Mehmet Scholl darf in der ARD weiter expertieren. Am 14. August wird er bei
der Live-Übertragung des Erstrundenspiels im DFB-Pokal zwischen Hansa
Rostock und Hertha BSC wieder sagen, was ihm zu dem Spiel einfällt. Die ARD
und ihr gut bezahlter Fußballexperte mögen sich wieder, nachdem sie sich im
Juni während des [1][Confederations Cups in Russland] gestritten hatten.
Da wurde heiß diskutiert, dass die russische WM-Mannschaft von 2014 Teil
des groß angelegten staatlichen Dopingplans war, [2][wozu Scholl partout
nichts sagen wollte.] Weil die ARD auf eine Berichterstattung darüber nicht
verzichten wollte, ist Scholl einfach abgehauen. Jetzt darf er wieder so
tun als wäre nichts gewesen. Von Chefs, wie es sie bei der ARD gibt,
dürften viele ArbeitnehmerInnen träumen.
Da reist einer einfach ab, der dafür bezahlt wird, dass er seine Meinung
sagt, weil er keine Lust hat, seine Meinung zu einem Thema zu äußern, das
ihm nicht passt – und kommt damit auch noch durch. Scholl erinnert sich an
den Tag seines Abgangs ganz genau. Zur Redaktion will er gesagt haben: „Ich
möchte, dass diese Story für diesen schönen Tag draußen bleibt.“
War das Wetter zu schön für eine kleine Anmerkung zum Thema Doping im
Fußball?
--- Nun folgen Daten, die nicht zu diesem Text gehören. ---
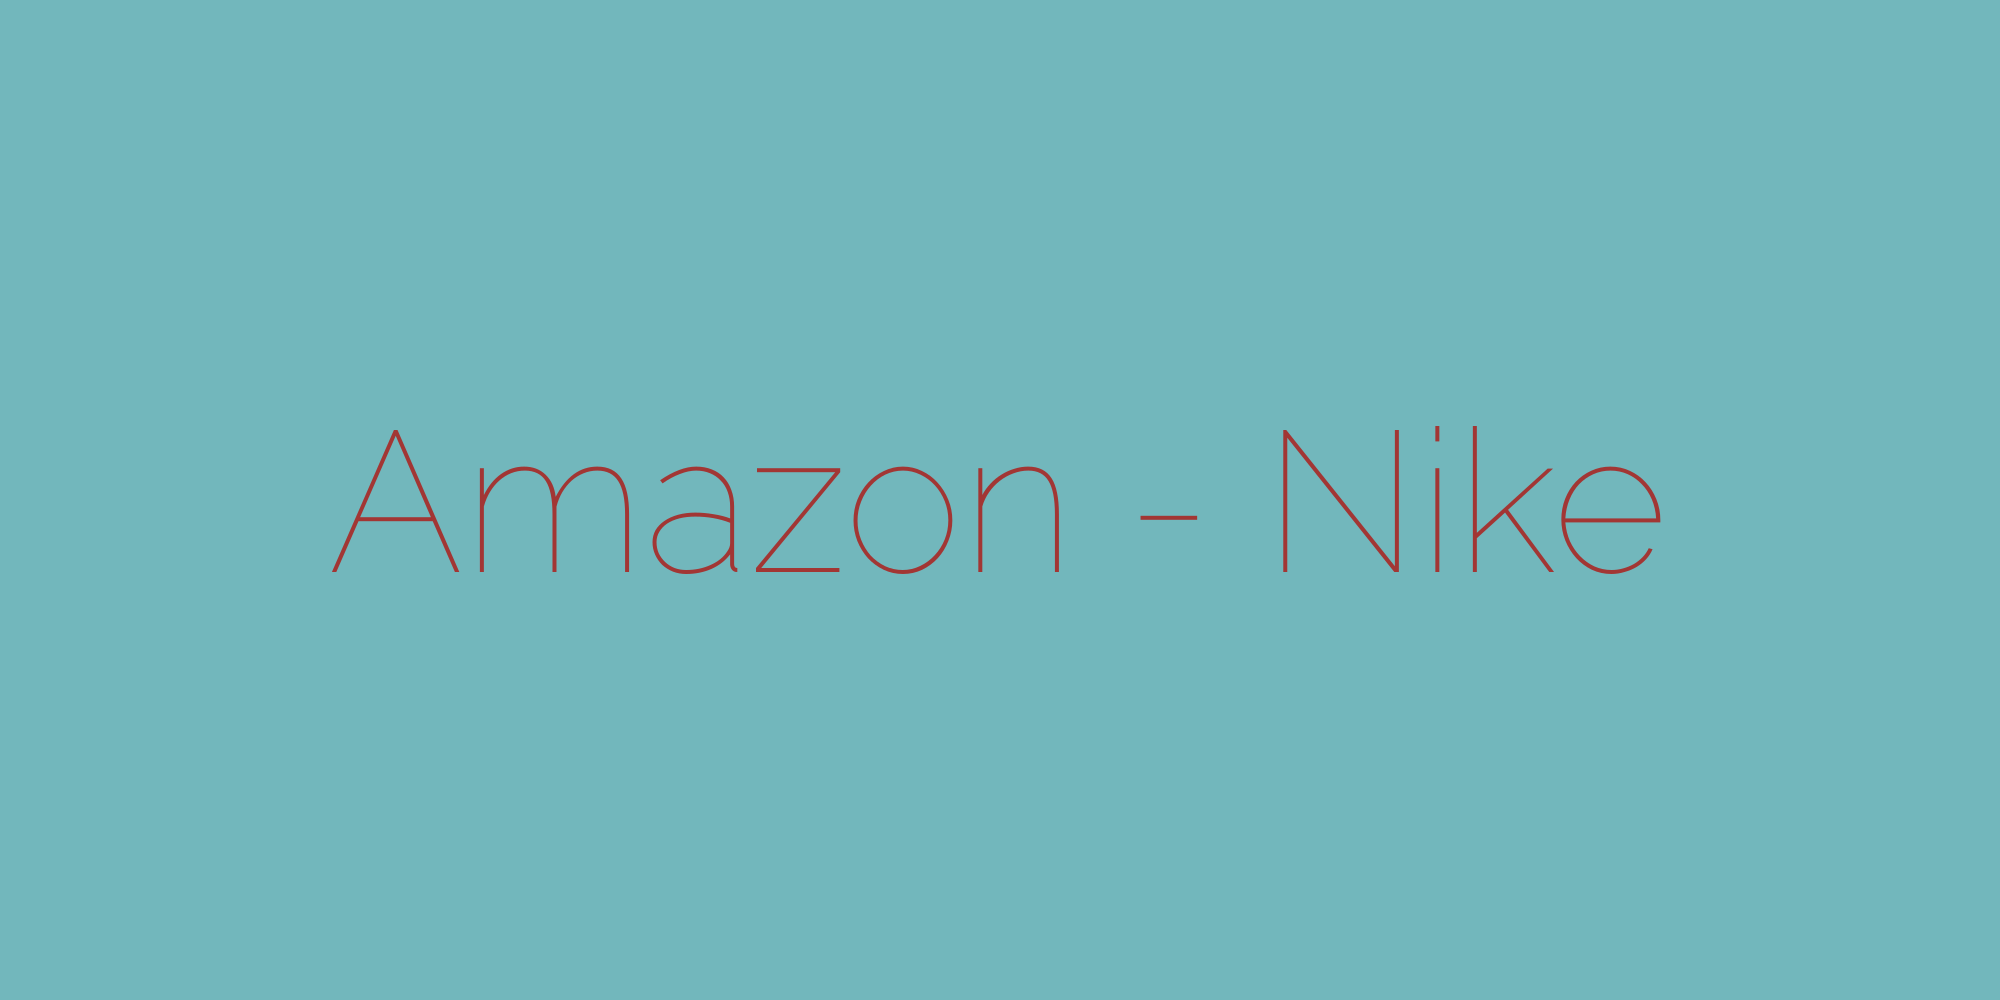 Amazon i Nike
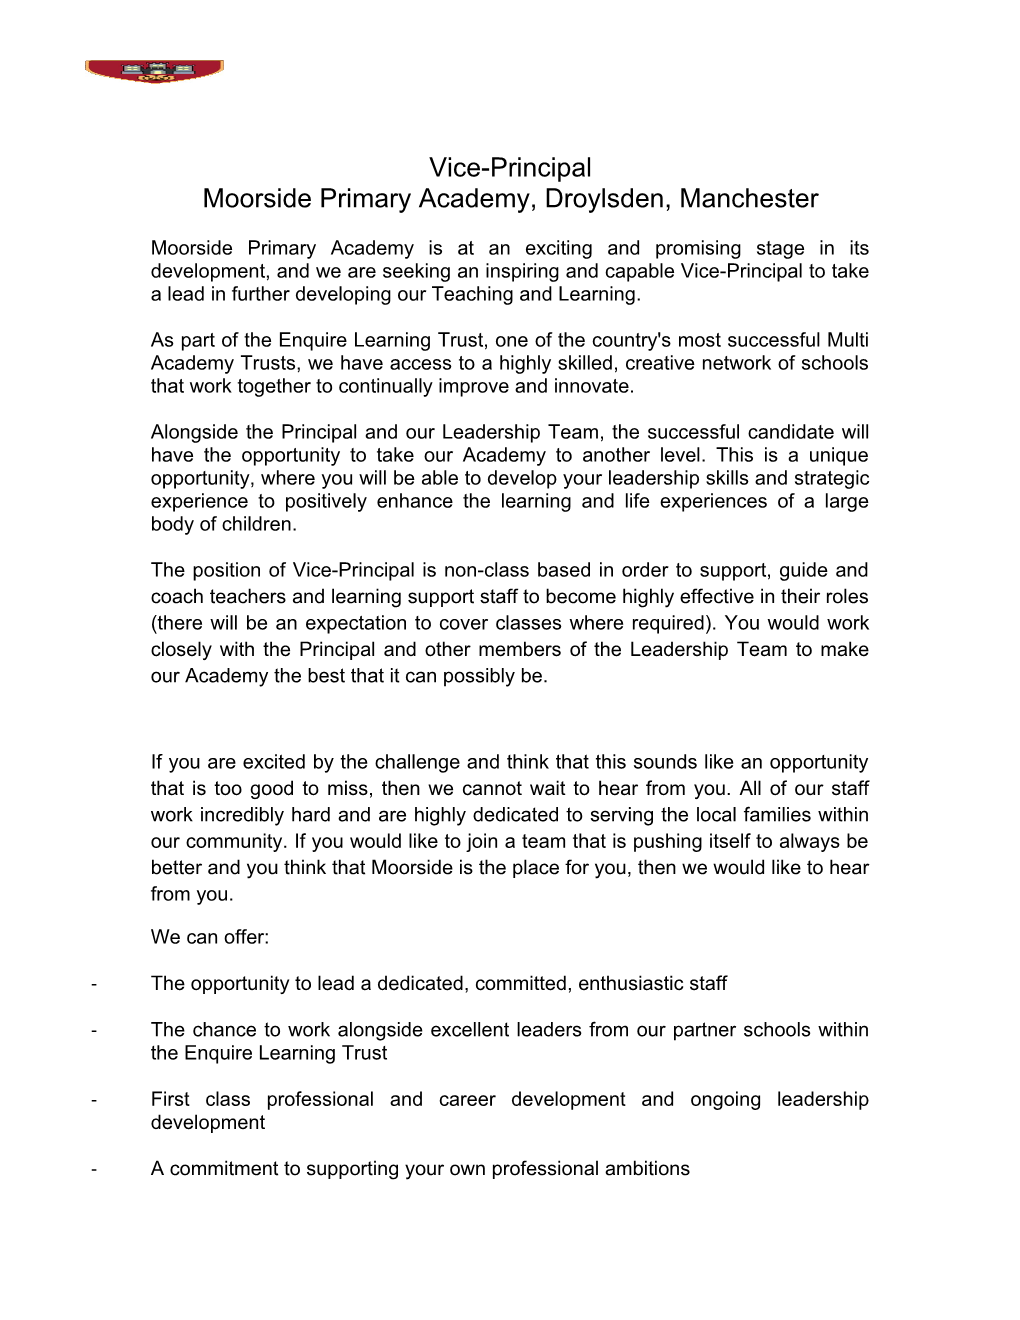 Moorside Primary Academy, Droylsden, Manchester

War der ganze Confed Cup zu toll, das deutsche C-Team, das als
Nationalmannschaft spielen durfte, zu geil, Chiles Arturo Vidal zu gut
frisiert und die Glatze von Fifa-Chef Gianni Infantino zu glatt poliert für
ein paar Worte über leistungssteigernde Mittel?
Doping gehört zum Fußball, genauso wie Wettbetrug, Fanrandale und
Steuerhinterziehung. Wenn ein Experte dazu nichts sagen will, dann ist er
ungeeignet für den Job. Und wenn er das Studio fluchtartig verlässt, dann
sollte der Sender tunlichst dafür sorgen, dass er es nie wieder betritt.
## Ein Halbwitz hätte genügt
Doping im russischen Fußball – dazu hätte Scholl viel sagen können: Dass
ihm das egal ist zum Beispiel, weil die Mannschaft bei der WM vor drei
Jahren sowieso nichts gerissen hat und in der Vorrunde ausgeschieden ist.
[3][Oder dass Doping im Fußball nichts bringt.] Das hat er schon mal
gesagt, als bekannt wurde, dass die Uni Freiburg dem VfB Stuttgart und dem
SC Freiburg ihr Wissen über pharmazeutische Leistungssteigerung zur
Verfügung gestellt hat.
Scholl wäre wahrlich nicht der Einzige, der so etwas von sich gibt. Er
befände sich in guter Gesellschaft. Witali Mutko, der Präsident des
russischen Fußballverbands und Sportminister, als das Dopingprogramm noch
auf Hochtouren lief, ist dieser Meinung. Doch Scholl hatte offenbar nicht
den Mumm, sich mit dieser Meinung ein paar Watsch’n einzufangen.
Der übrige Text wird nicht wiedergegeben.